Benefits offered by consumer group
The following are the benefits offered by consumer groups
1. Each instance receives messages from one or more partitions (which are "automatically" assigned to it), but the other instances will not receive the same messages (assigned to different partitions).
As a result, the number of instances can be scaled up to the number of partitions (having one instance reading only one partition). In this circumstance, a new instance joining the group is idle and unassigned to any partition.
2. Having instances in distinct consumer groups necessitates a publish/subscribe pattern in which messages from partitions are broadcast to all instances in the various consumer groups. The rules are as seen in the second image inside the same consumer group, but across groups, the instances receive identical messages (as shown in the third image).
This is beneficial when the messages included within a partition are of relevance to multiple applications, each of which will treat them differently. We want all of the partition's interested programs to receive the same messages.
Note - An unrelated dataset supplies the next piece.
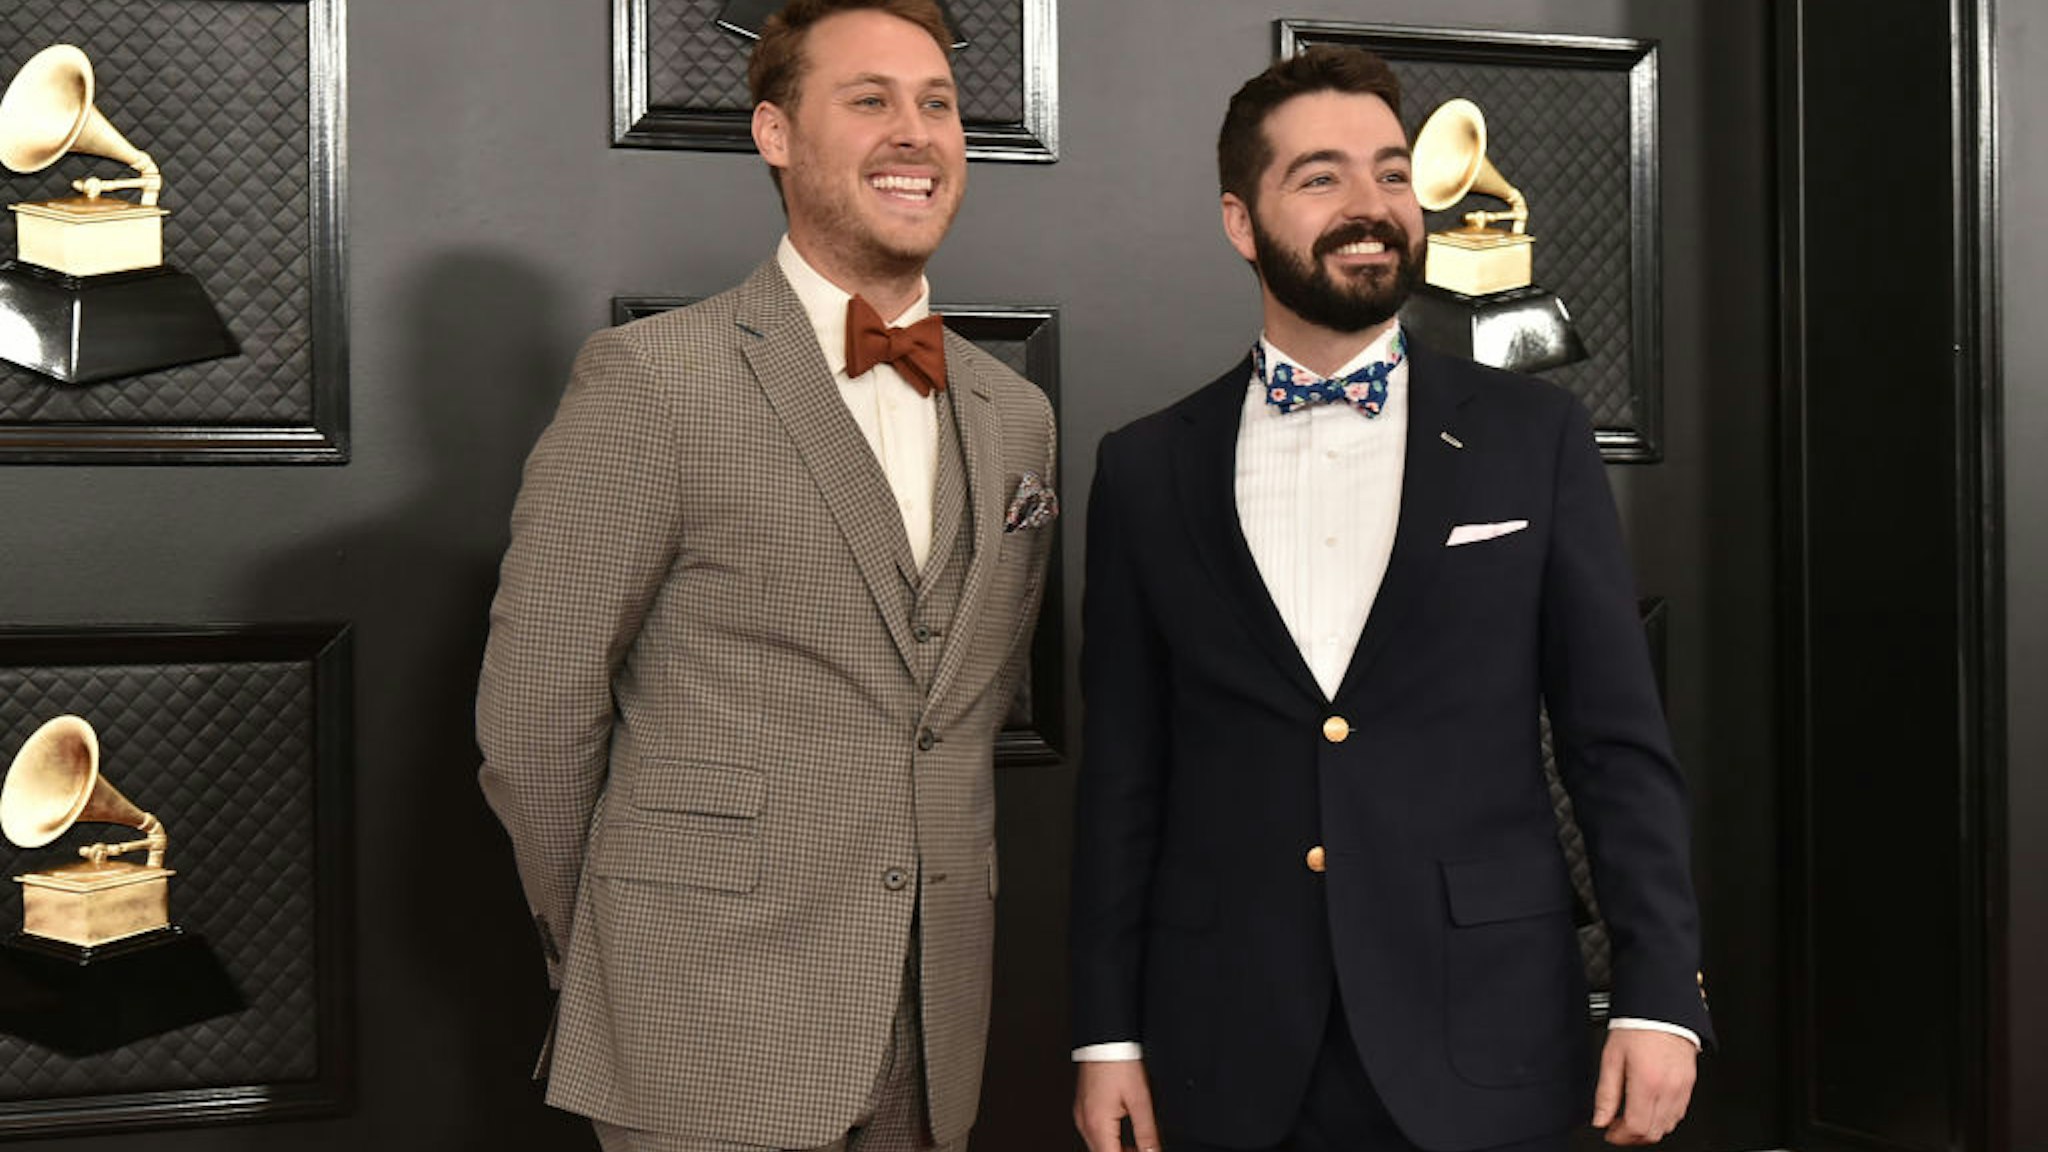 Joe Mailander and Justin Lansing of The Okee Dokee Brothers attend the 62nd Annual Grammy Awards at Staples Center on January 26, 2020 in Los Angeles, CA.

3. Another benefit of consumer organizations is the ability to rebalance. If there are enough partitions available (that is, the limit of one instance per partition hasn't been met), rebalancing begins when an instance enters a group. The partitions are redistributed to both the current and new instances. Automatic management of offset commits is provided.
Advantages of using Kafka
Here are a few advantages of using Kafka:
- Kafka is fault-tolerant, distributed, partitioned, and replicated.
- Scalability The Kafka communications system scales up and down without requiring any downtime.
- Kafka uses a Distributed Commit Log, which implies that messages are sent to disk as quickly as possible, and hence are persistent.
- Kafka has a high throughput when it comes to both publishings and subscribing to messages. Even with many TB of communications saved, it maintains constant performance.
- Kafka is extremely fast, with no downtime or data loss guaranteed.
- Kafka enables low-latency message delivery while simultaneously offering fault tolerance in the case of a system failure.
- Kafka is a lightning-fast system that can write 2 million messages per second.
- Kafka saves all data to disk, which means that all writes are saved in the OS's page cache (RAM).
- Transferring data from a page cache to a network socket becomes incredibly efficient as a result.
In the above article, you saw an overview of Kafka's consumer and producer. We hope his article will help you to know about the parameters of producers and producers' workflow.